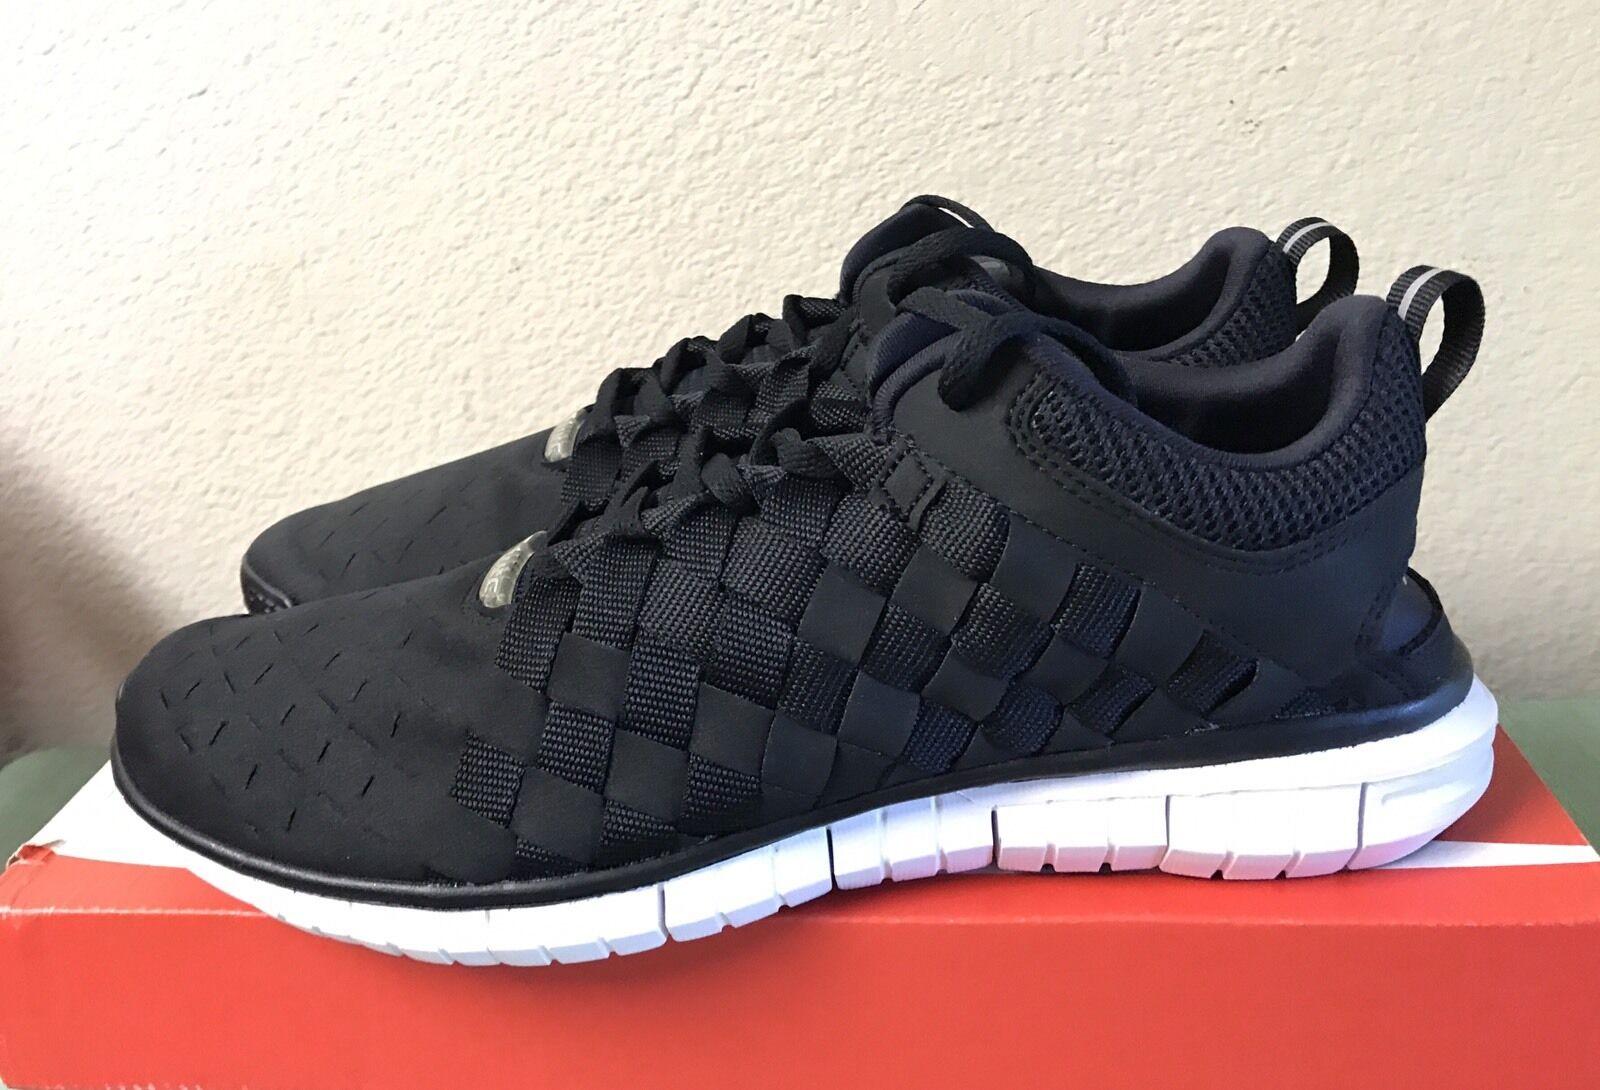 Nike Free OG '14 Woven Black Cool Grey White Mens Sz 9 QS Running Shoes NEW!!!
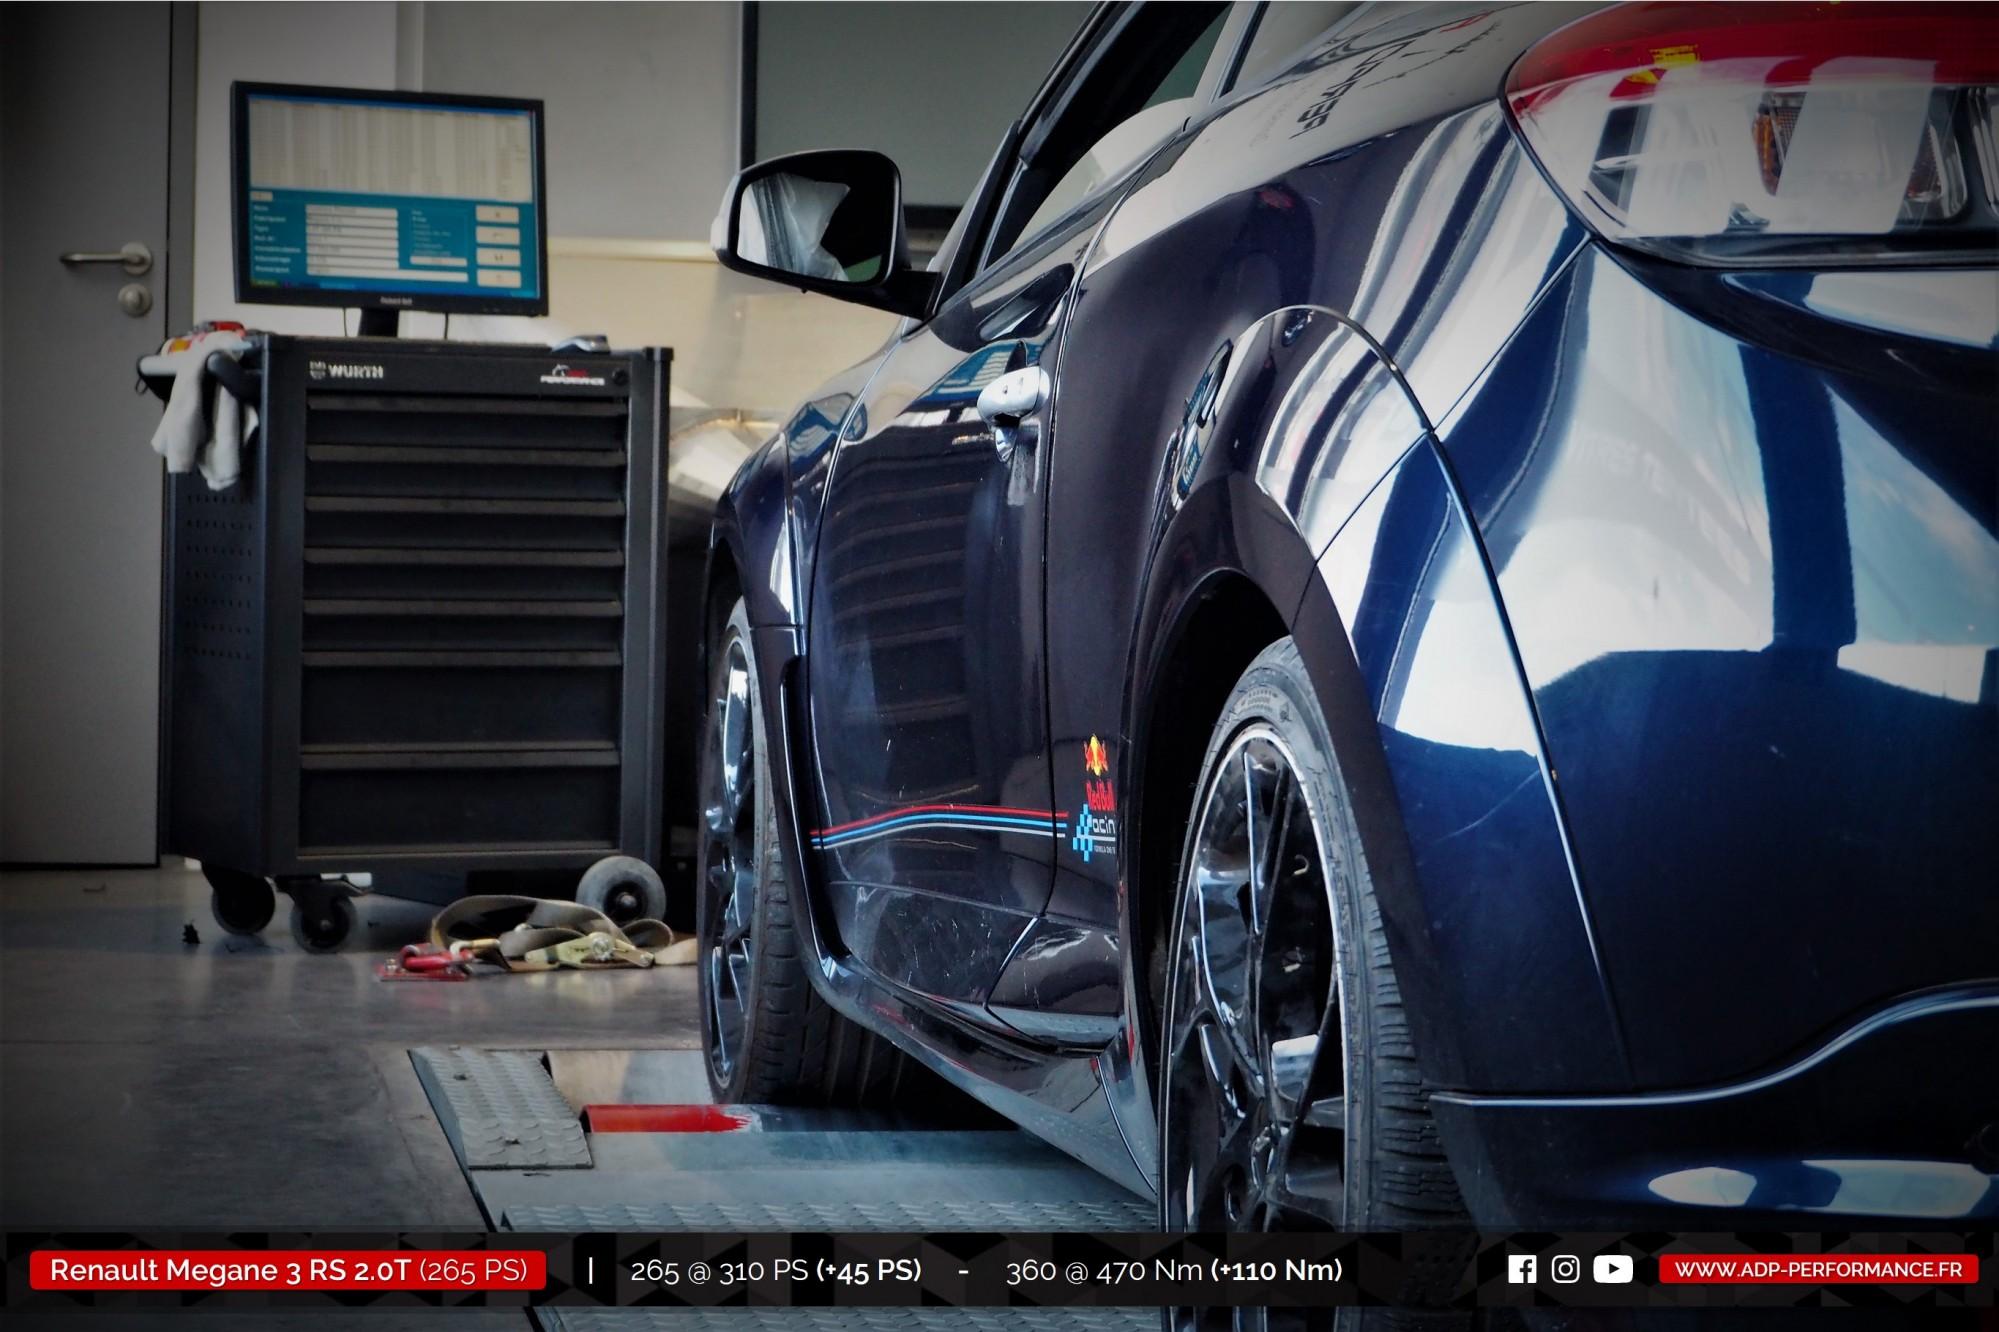 Reprogrammation moteur St Martin de Crau - Renault Megane 3 (Ph3) RS 2.0T 265cv - ADP Performance
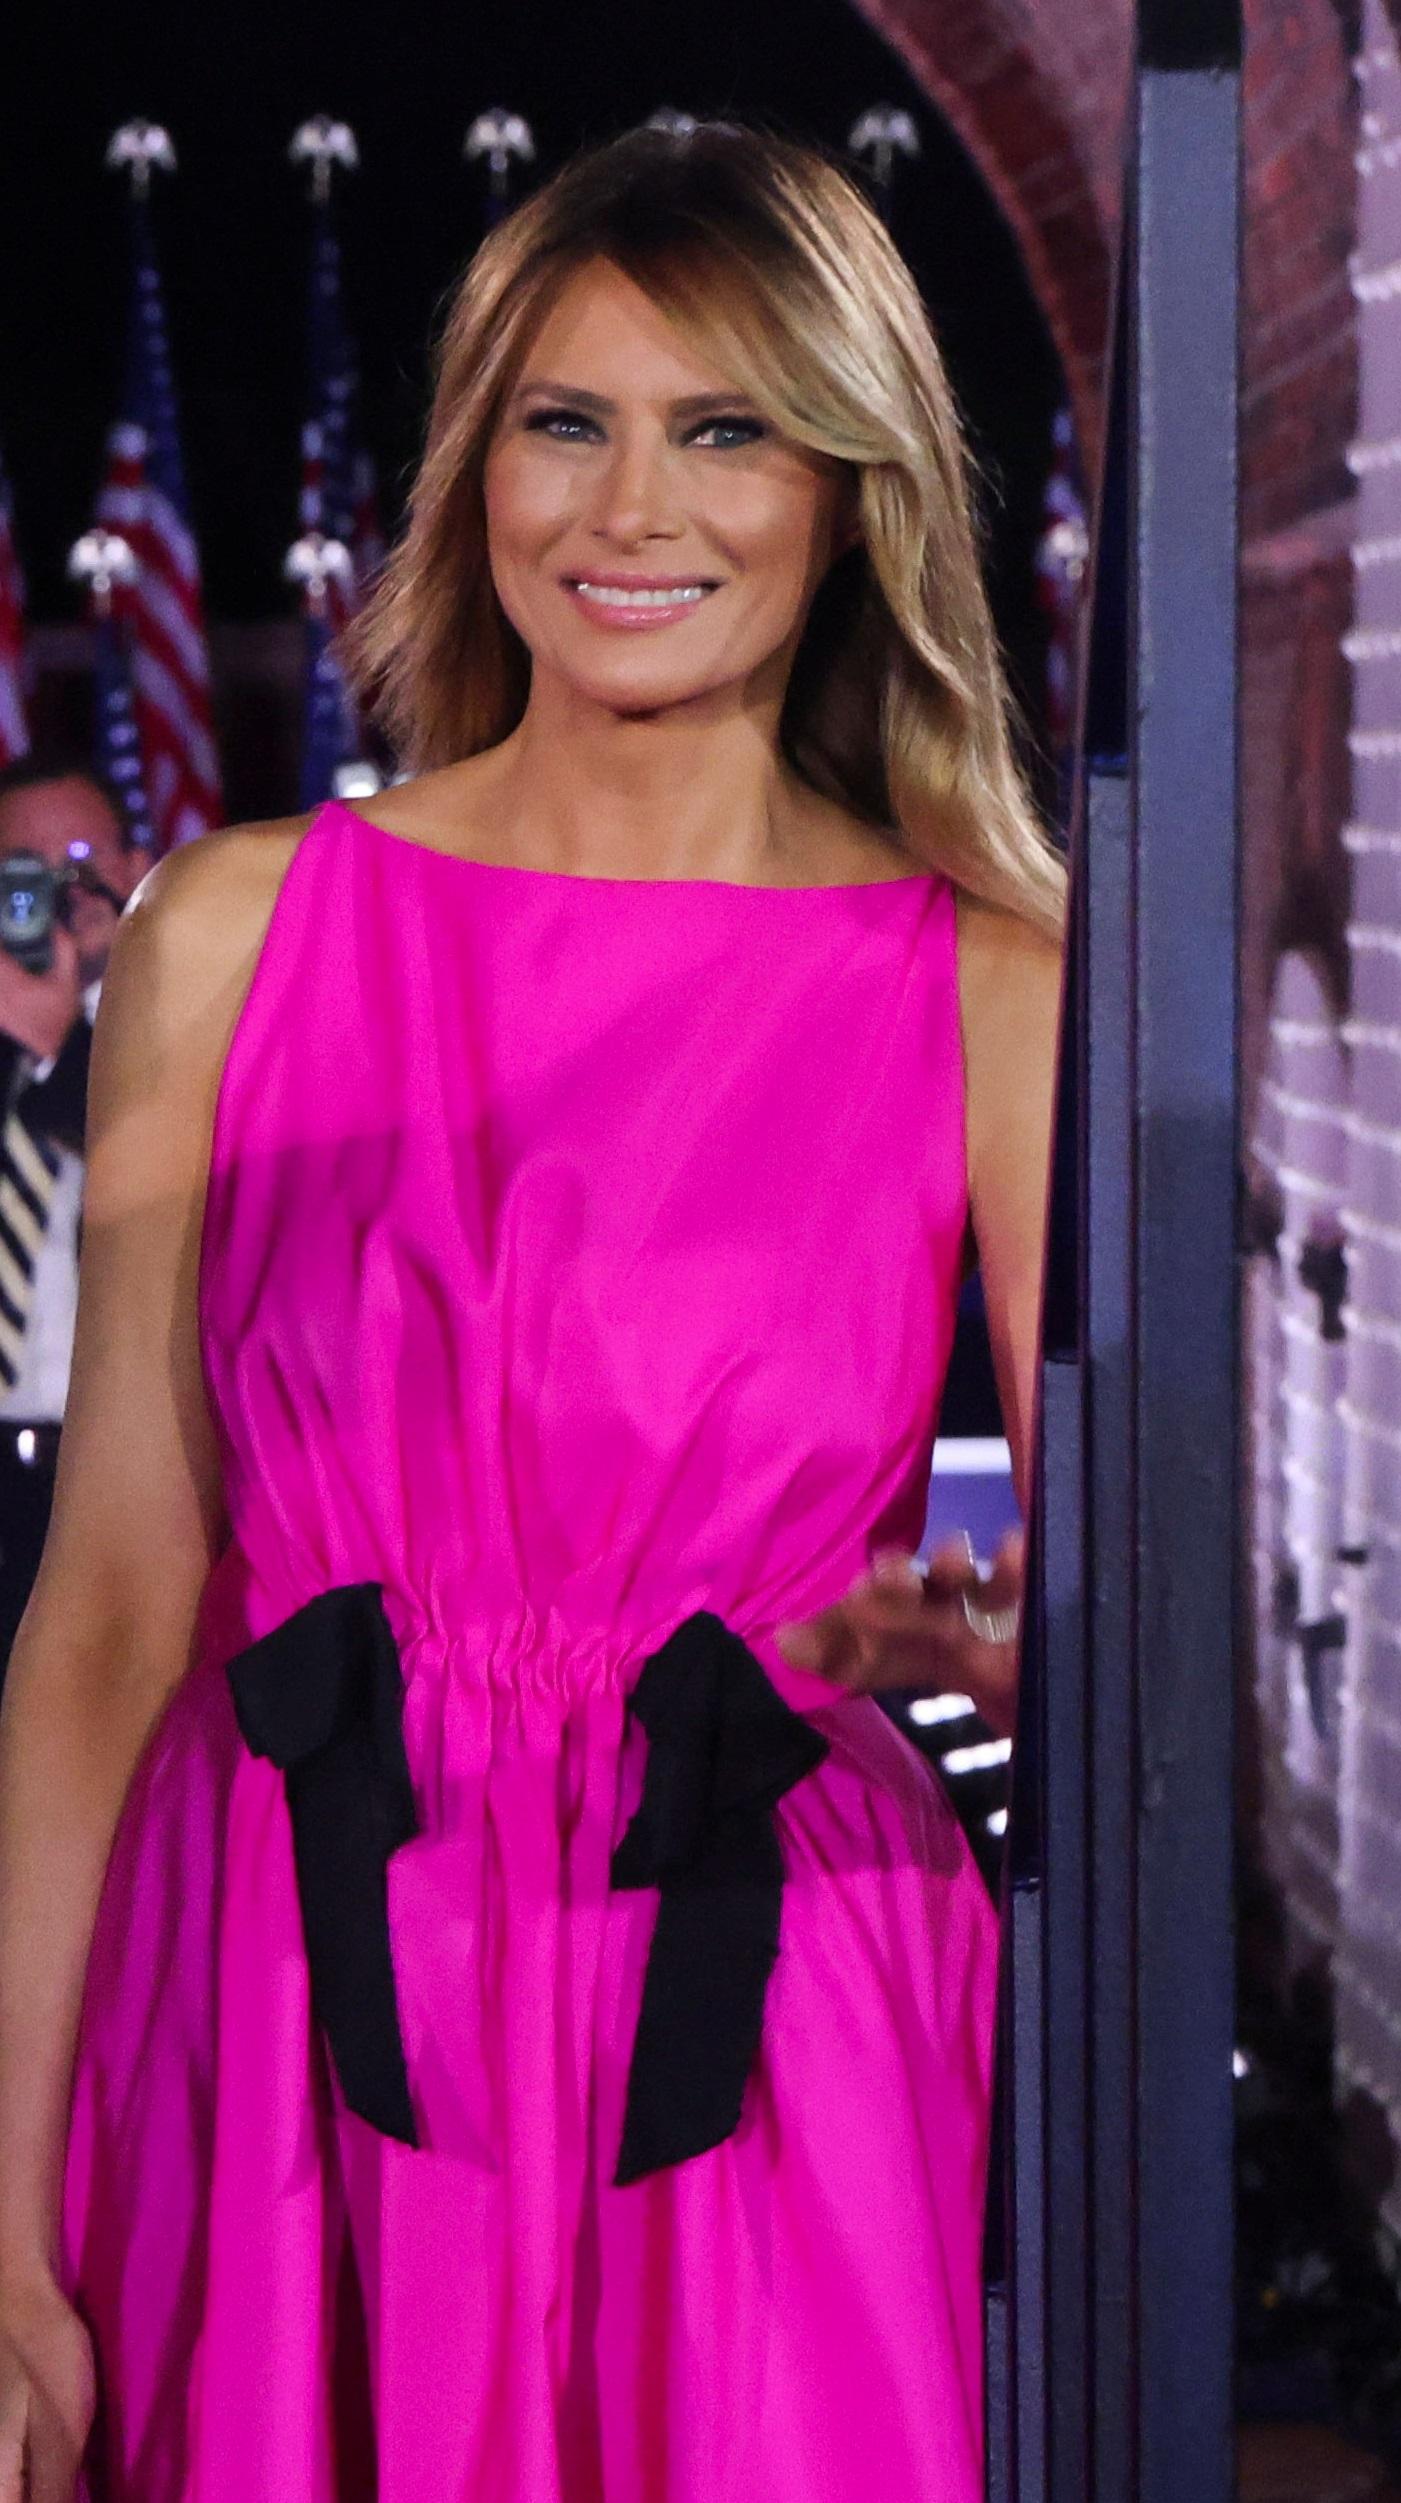 Melania Trump w różowej sukience. Fot. JONATHAN ERNST / Reuters / Forum

▶ _THE TASK_: Give the data above again in full and unchanged, skipping the pictures.

▶ _REPLY_:
 Nike Free OG '14 Woven Black Cool Grey White Mens Sz 9 QS Running Shoes NEW!!!
 Reprogrammation moteur St Martin de Crau - Renault Megane 3 (Ph3) RS 2.0T 265cv - ADP Performance
 Melania Trump w różowej sukience. Fot. JONATHAN ERNST / Reuters / Forum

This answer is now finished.